In its ruling last week, the Supreme Court found that “the district court’s inaction — not for 42 minutes but for 14 hours and 28 minutes — had the practical effect of refusing an injunction to detainees facing an imminent threat of severe, irreparable harm.”
Ho is apoplectic about this — and not just because he believes the Trump administration should have been afforded 24 hours to respond to the emergency petition seeking to stop its imminent deportation of immigrants out of the country to a Salvadoran prison, or perhaps another deliberately cruel locale. (Trump reportedly just deported Asian immigrants to South Sudan.)
The judge writes that “starting the clock at 12:34 a.m. not only ignores the [district] court’s express instructions respecting the government’s right to respond. It also ignores the fact that the court is starting the clock at — 12:34 a.m.”
“We seem to have forgotten that this is a district court — not a Denny’s,” he continues, referring to the 24/7 diner chain. “This is the first time I’ve ever heard anyone suggest that district judges have a duty to check their dockets at all hours of the night, just in case a party decides to file a motion.”
He adds, “If this is going to become the norm, then we should say so: District judges are hereby expected to be available 24 hours a day — and the Judicial Conference of the United States and the Administrative Office of the U.S. courts should secure from Congress the resources and staffing necessary to ensure 24-hour operations in every district court across the country. If this is not to become the norm, then we should admit that this is special treatment being afforded to certain favored litigants like members of Tren de Aragua — and we should stop pretending that Lady Justice is blindfolded.”
As Patrick Jaicomo, a civil rights litigator at the center-right Institute for Justice notes, besides Ho choosing to offer “prejudicial statements” about the petitioners being gang members, “his complaint about court hours is puzzling in light of 28 USC 452.”
That statute reads: “All courts of the United States shall be deemed always open for the purpose of filing proper papers, issuing and returning process, and making motions and orders.”

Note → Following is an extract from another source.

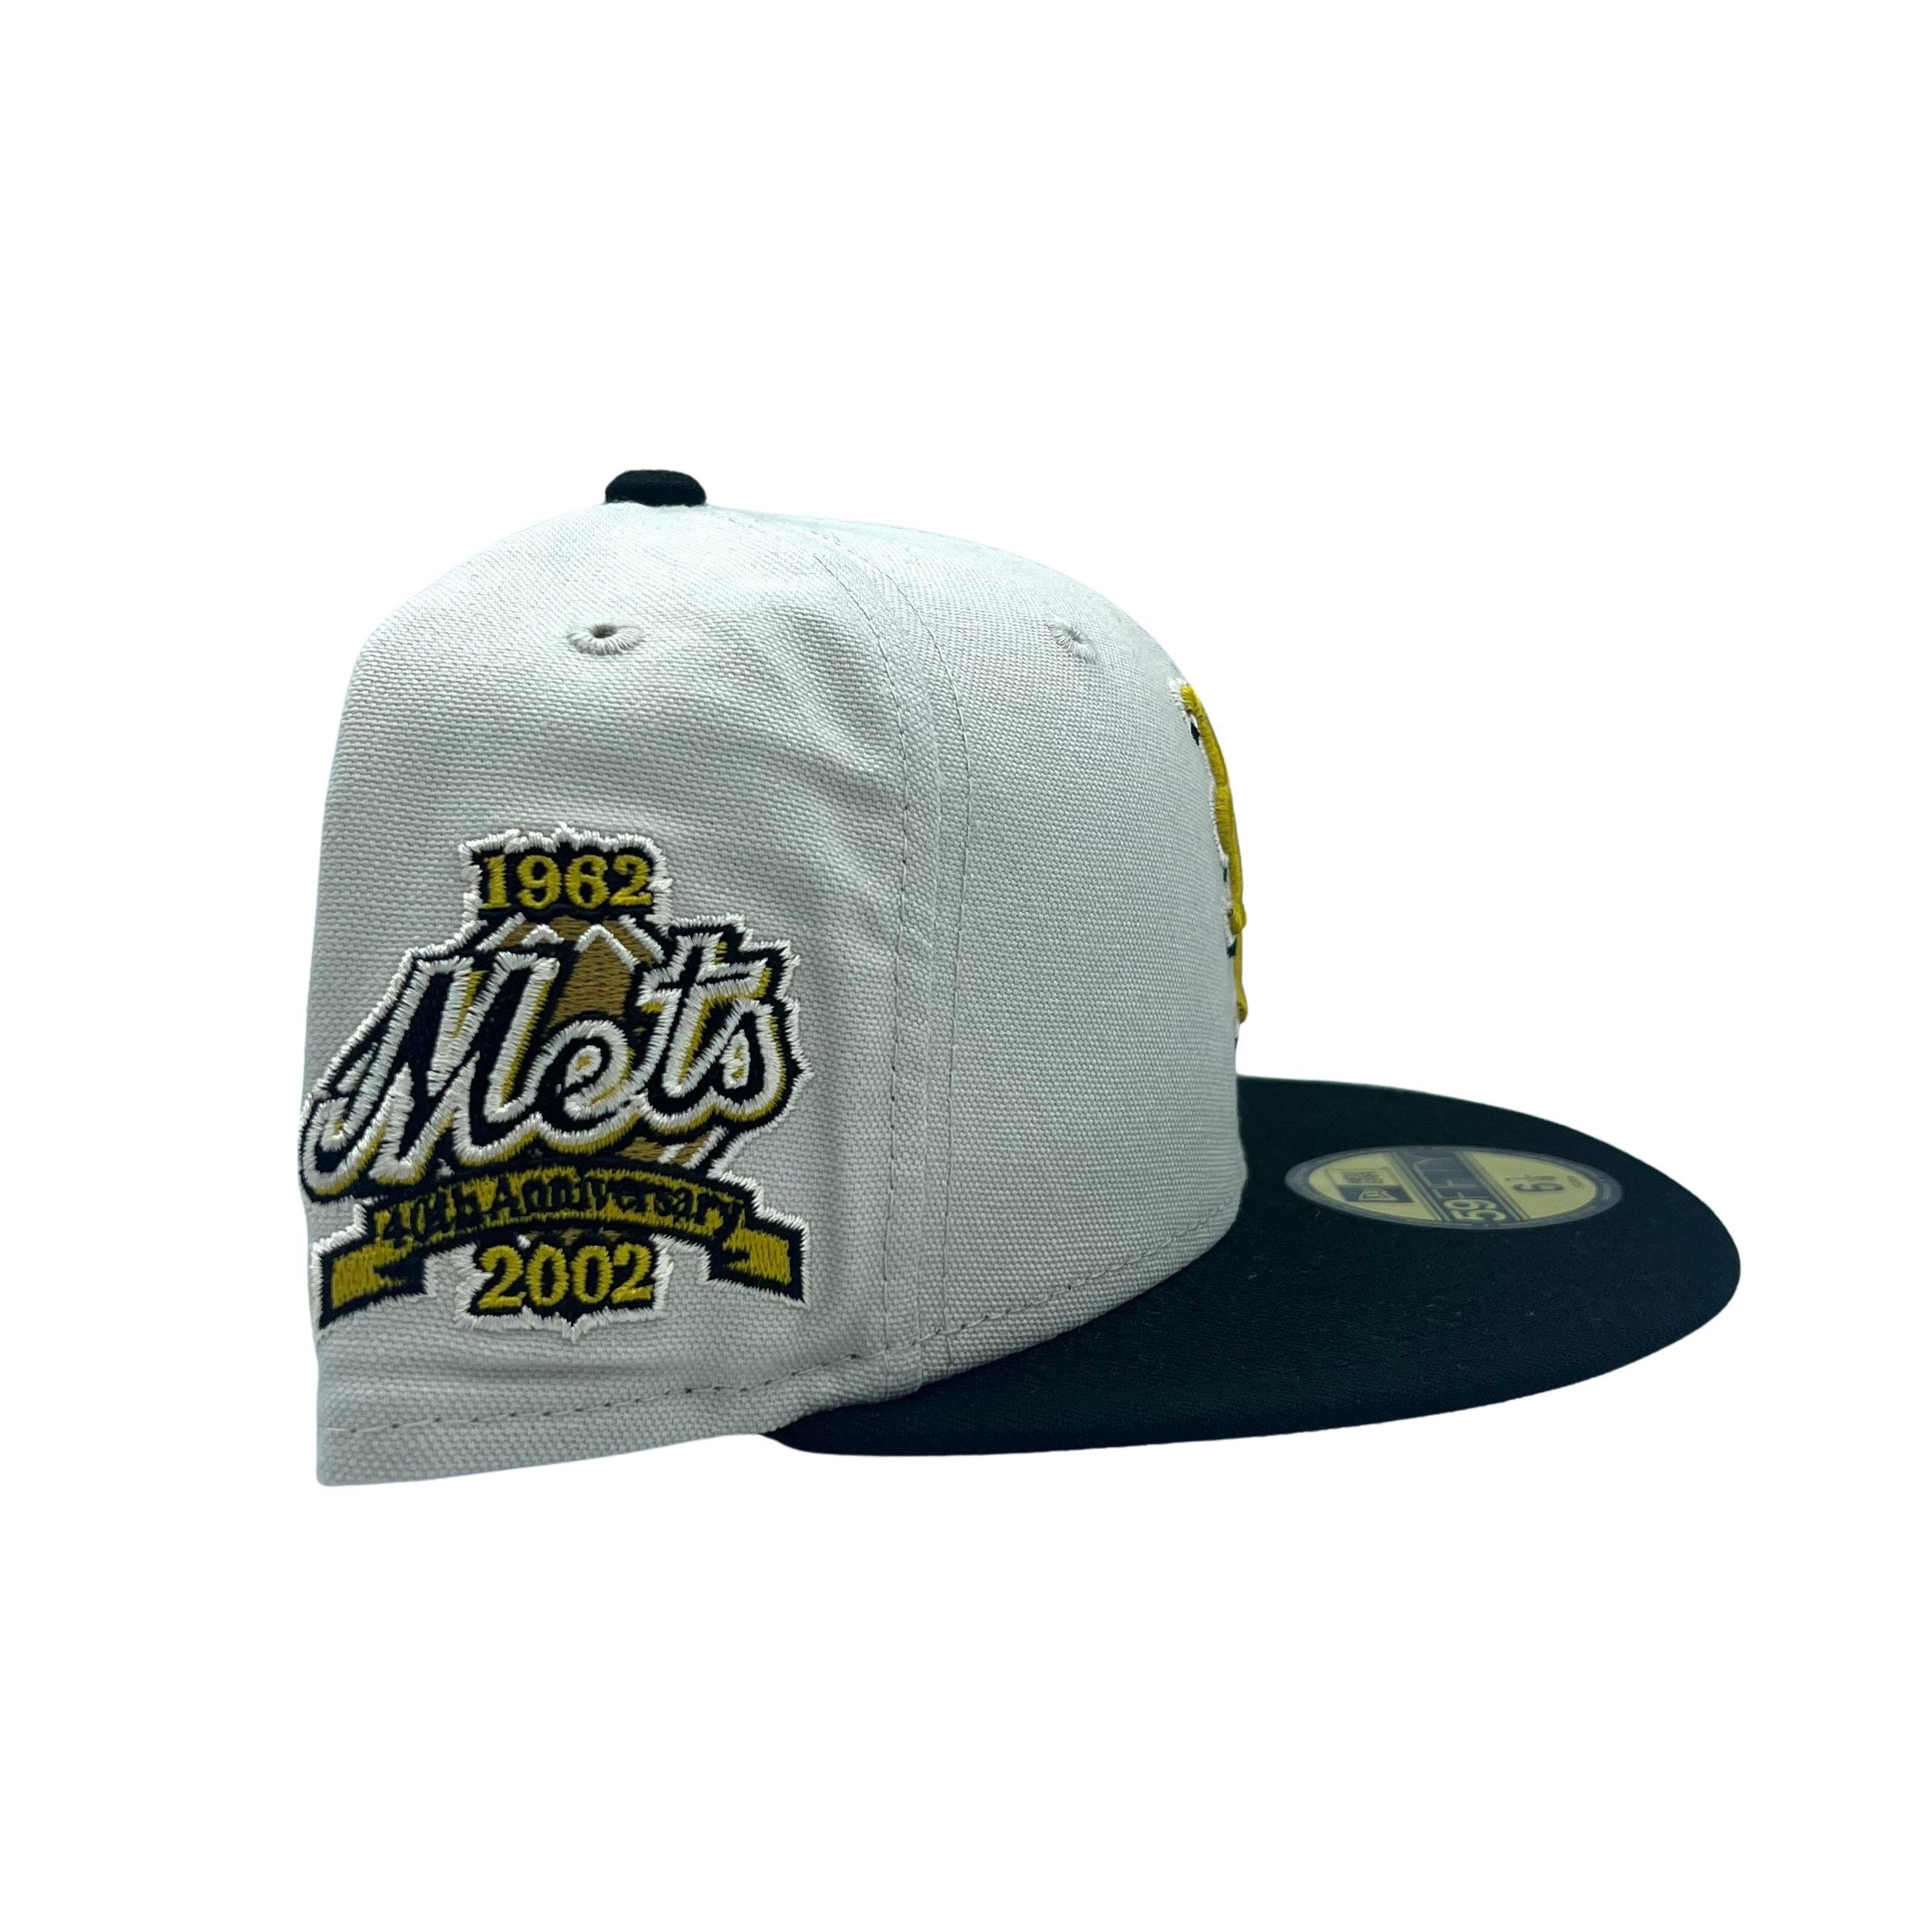 New York Mets Fitted Cap

Ho apologizes again to Trump.
“The district judge is not the only public official whose treatment in this case warrants comment,” he writes. “Recall why the district court established a 24-hour filing deadline. The court firmly believed that the government should have the right to express its views before any ruling is issued. And rightly so.”

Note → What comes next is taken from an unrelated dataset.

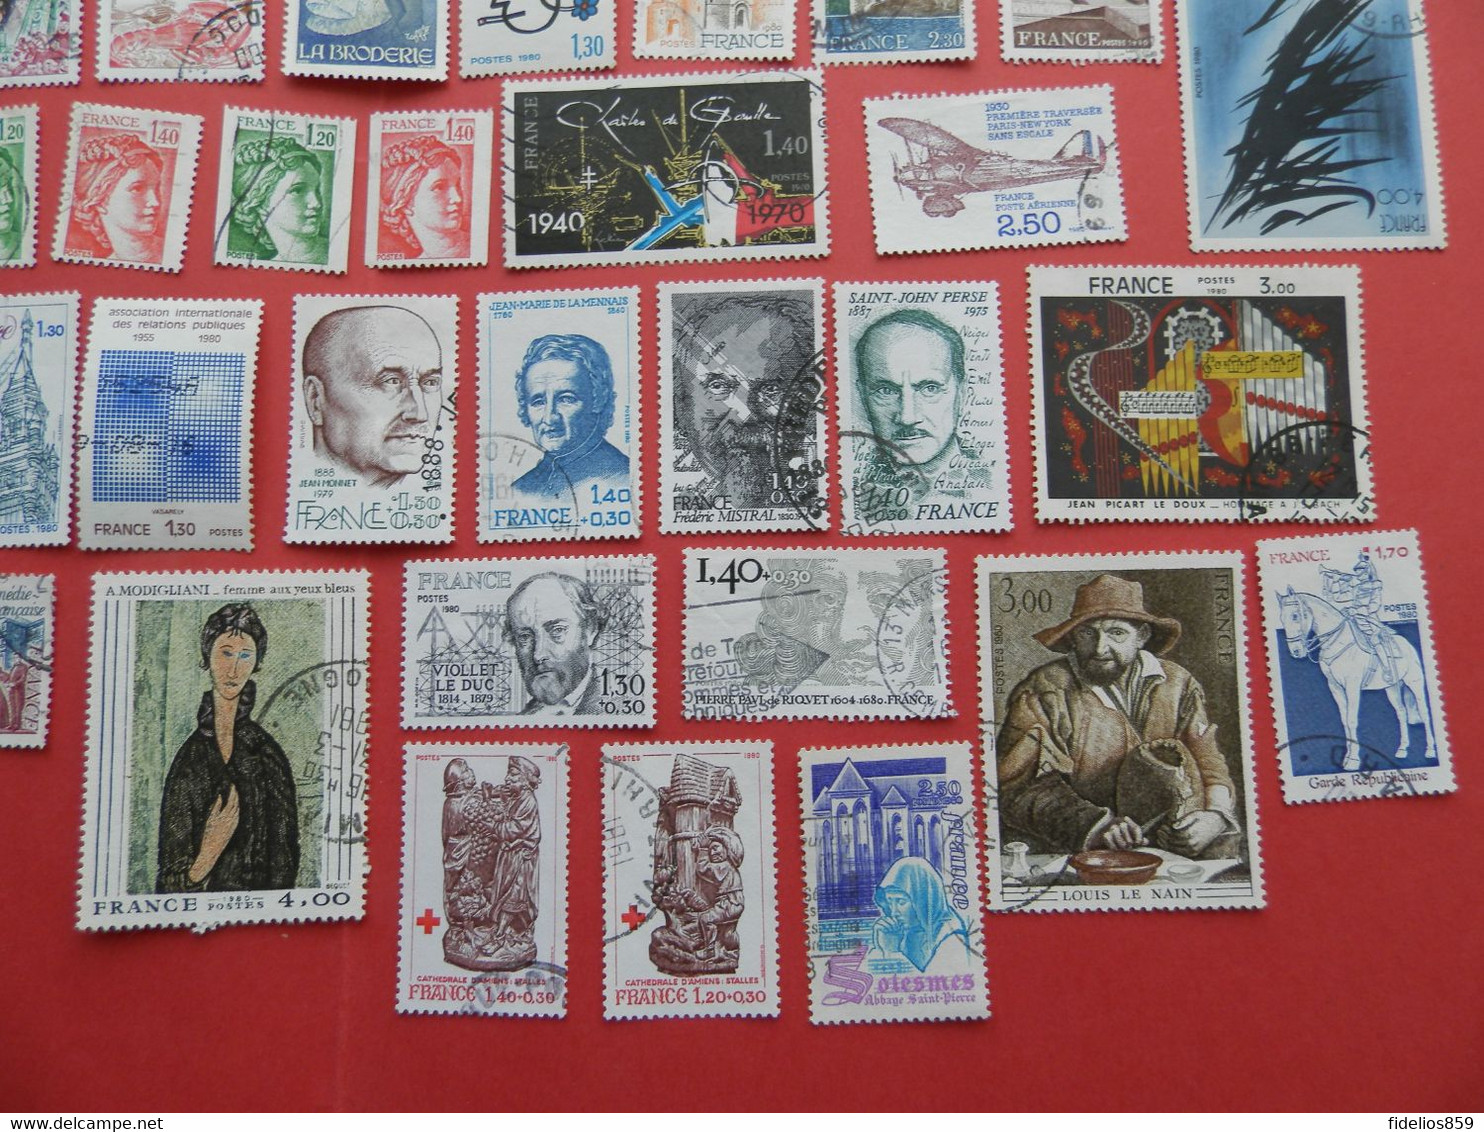 FRANCE OBLITERES : ANNEE COMPLETE 1980 SOIT 45 TIMBRES POSTE DIFFERENTS 1ER CHOIX - 1980-1989

Ho continues, “It should go without saying that the president and his fellow executive branch officials deserve the same respect that courts regularly afford every other litigant — including other presidents and officials.”

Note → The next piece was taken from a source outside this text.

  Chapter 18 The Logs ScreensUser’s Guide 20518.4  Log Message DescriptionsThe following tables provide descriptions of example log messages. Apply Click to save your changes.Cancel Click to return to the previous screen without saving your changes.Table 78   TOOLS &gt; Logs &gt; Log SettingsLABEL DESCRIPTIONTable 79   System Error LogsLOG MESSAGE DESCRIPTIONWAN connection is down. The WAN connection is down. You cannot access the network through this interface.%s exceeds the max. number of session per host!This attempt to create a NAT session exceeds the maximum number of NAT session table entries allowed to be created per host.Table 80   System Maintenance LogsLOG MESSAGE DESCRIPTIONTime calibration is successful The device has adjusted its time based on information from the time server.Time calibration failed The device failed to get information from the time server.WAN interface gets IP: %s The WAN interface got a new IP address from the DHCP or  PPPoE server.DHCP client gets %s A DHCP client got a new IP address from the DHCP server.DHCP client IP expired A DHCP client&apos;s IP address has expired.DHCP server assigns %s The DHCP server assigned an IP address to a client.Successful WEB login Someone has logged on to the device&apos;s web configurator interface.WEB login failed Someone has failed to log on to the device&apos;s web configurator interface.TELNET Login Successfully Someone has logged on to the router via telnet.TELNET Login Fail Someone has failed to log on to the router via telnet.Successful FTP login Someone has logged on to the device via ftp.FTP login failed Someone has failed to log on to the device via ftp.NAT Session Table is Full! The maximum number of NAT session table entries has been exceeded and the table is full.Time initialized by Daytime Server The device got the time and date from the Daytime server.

He then writes that Barack Obama “tried to shame members of the Supreme Court during a State of the Union address by disparaging a recent ruling” — referring to when Obama said that the court’s 2010 Citizens United ruling “will open the floodgates for special interests… to spend without limit in our elections.” (It did.)
Ho adds that Bill Clinton “was disbarred from practicing law before the Supreme Court,” reportedly in relation to sexual harassment investigations. (Clinton resigned rather than fight disbarment before the Supreme Court.)
“Yet I doubt that any court would deny any of those presidents the right to express their views in any pending case to which they are a party, before issuing any ruling,” Ho concludes. “Our current president deserves the same respect.”
The federal courts aren’t a Denny’s — but Ho, the Fifth Circuit judge, has cooked up a Grand Slam for Trump.